Riri Riza: Kita juga suka dengan film-film perjalanan. Film perjalanan itu adalah sebuah genre atau bentuk film yang selalu akan membuka banyak sekali hal dengan cara dan pola yang menarik. Bisa banyak sekali karakter, banyak sekali warna dalam film perjalanan.
Mira Lesmana: Buat kita, perjalanan itu adalah ketika seseorang keluar dari rutinitas, ia terlepas dan terpental ke sebuah ruang yang berbeda dari apa yang mereka temukan sehari-hari.
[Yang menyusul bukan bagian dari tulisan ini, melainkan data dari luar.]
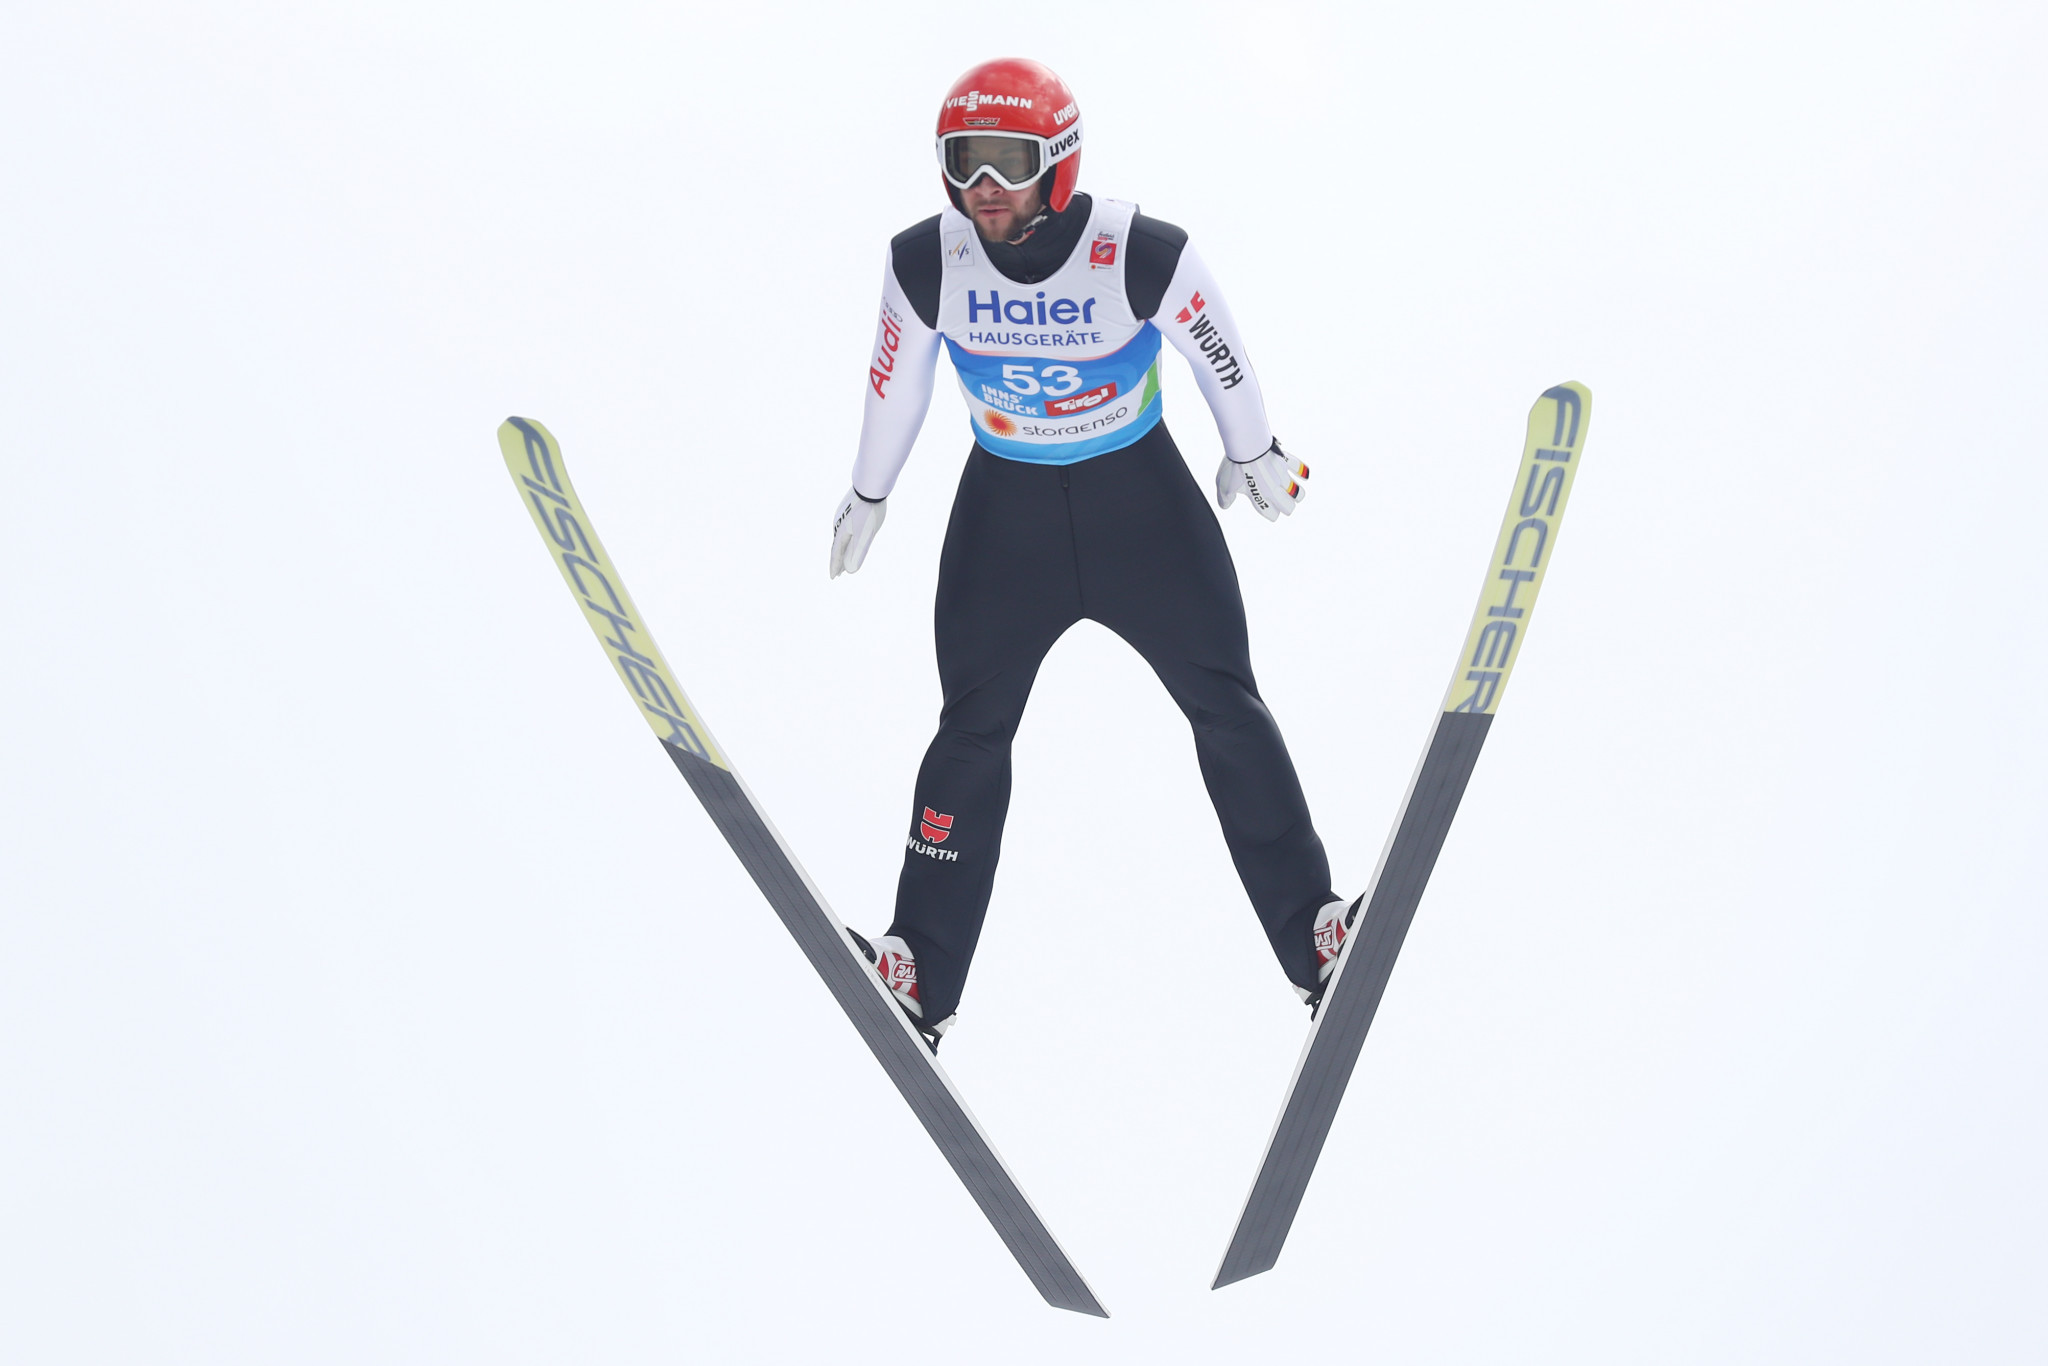 Germany's Markus Eisenbichler topped qualifying in the men's ski jumping at the FIS Nordic World Ski Championships ©Getty Images

Ruang yang berbeda membuat pikiran juga berbeda.

Siapa yang meminta menggarap naskah ini? Kalian atau Sinar Ayu Massie yang menawarkan?
Mira Lesmana: Sebenarnya Sinar Ayu Massie sudah kita kenal sejak AAdC. Waktu itu dia masih seorang penulis lepas di sebuah majalah, saya suka sekali dengan tulisan dia. Suatu hari saya tanya dia, punya semangat menulis skenario atau tidak, dia bilang mau menjadi penulis skenario. Tapi itu jauh sebelum ide “3 Hari untuk Selamanya” terpikirkan. Ide ini muncul dan saya diskusikan dengan Riri untuk mencari penulis yang menarik dan mampu mengeksplor ide ini lebih jauh. Lalu saya mengkontak Sinar Ayu. Menceritakan ide besarnya. Kita memberi kebebasan pada Ayu untuk mengeksplorasinya.
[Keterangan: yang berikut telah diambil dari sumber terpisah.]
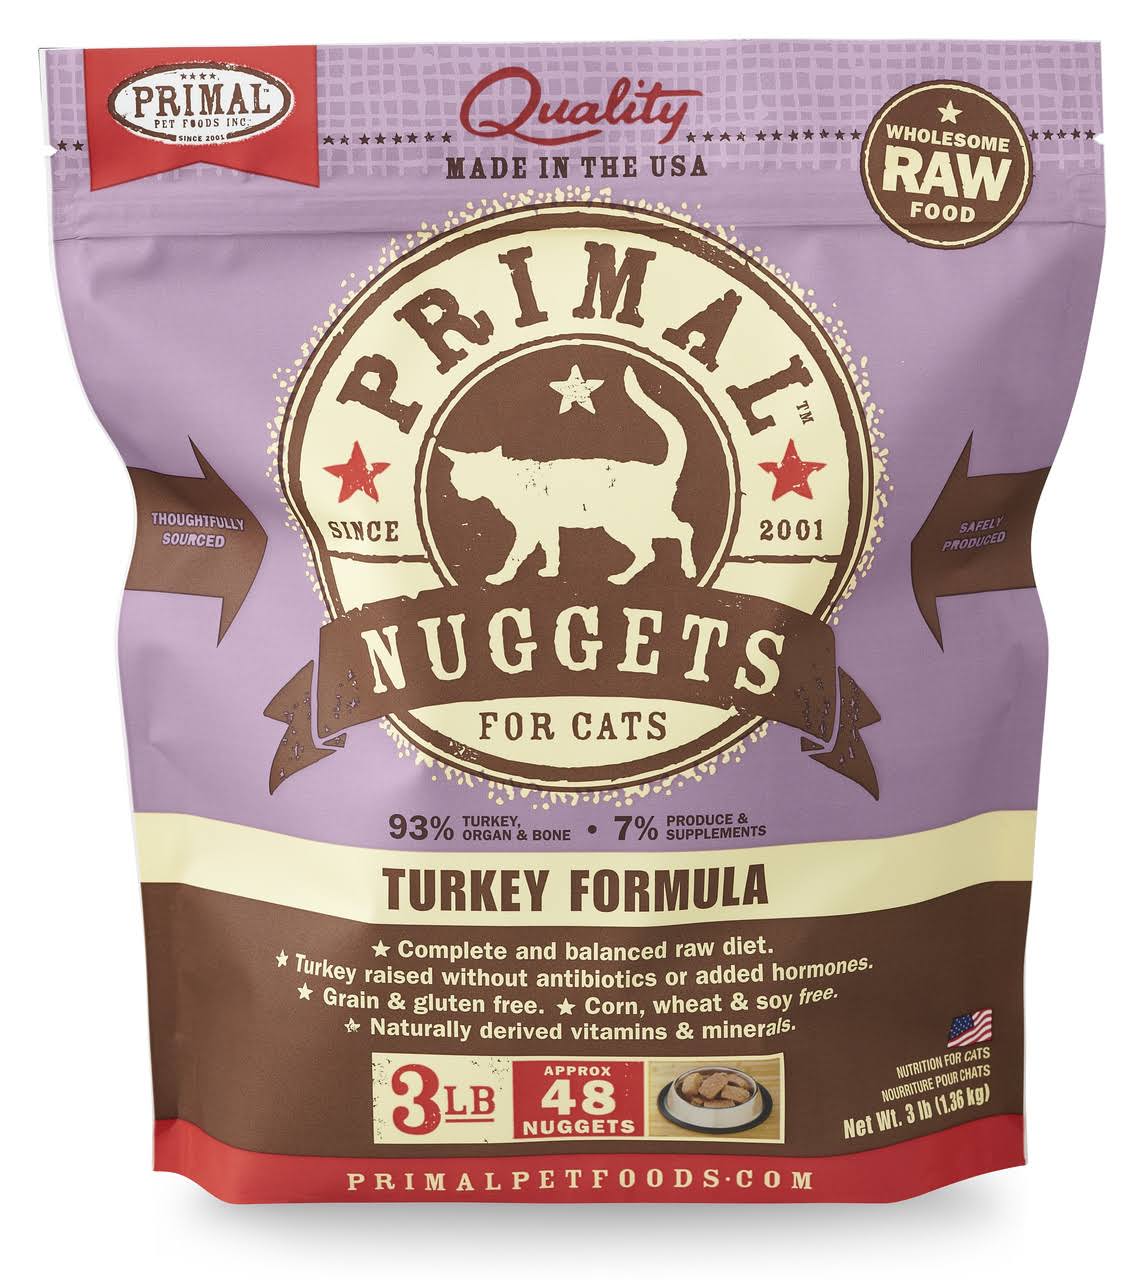 Primal Frozen Raw Turkey Nuggets for Cats 3 LB

Dalam dialog, banyak sekali ungkapan liberal di film ini, misalnya ucapan Ambar yang sinis terhadap lembaga pernikahan…
Riri Riza: Sebenarnya tipikal pembicaraan yang akan muncul dalam situasi seperti itu. Apa pun yang mereka bicarakan, mereka mencoba melakukan protes terhadap sikap hipokrit masyarakat. Jadi bukan hanya dalam soal pernikahan. Tapi juga seks, dan nilai-nilai lainnya.
Mira Lesmana: Ambar dalam posisi bingung. Kakaknya mau menikah tapi dengan alasan yang kegep sama orang tuanya, bapaknya memaksa. Sementara Ambar sendiri tahu kehidupan perkawinan bapak dan ibunya tidak harmonis. Jadi Ambar bingung. Kalau Yusuf jelas mengatakan bahwa keluarga sakinah adalah impian dia. Semua terjadi dalam dialog. Dan bukan hanya itu yang menarik, sebab ada isu lain yakni soal tradisi. Yakni tradisi keluarga yang bertabrakan dengan cara pandang anak muda sekarang.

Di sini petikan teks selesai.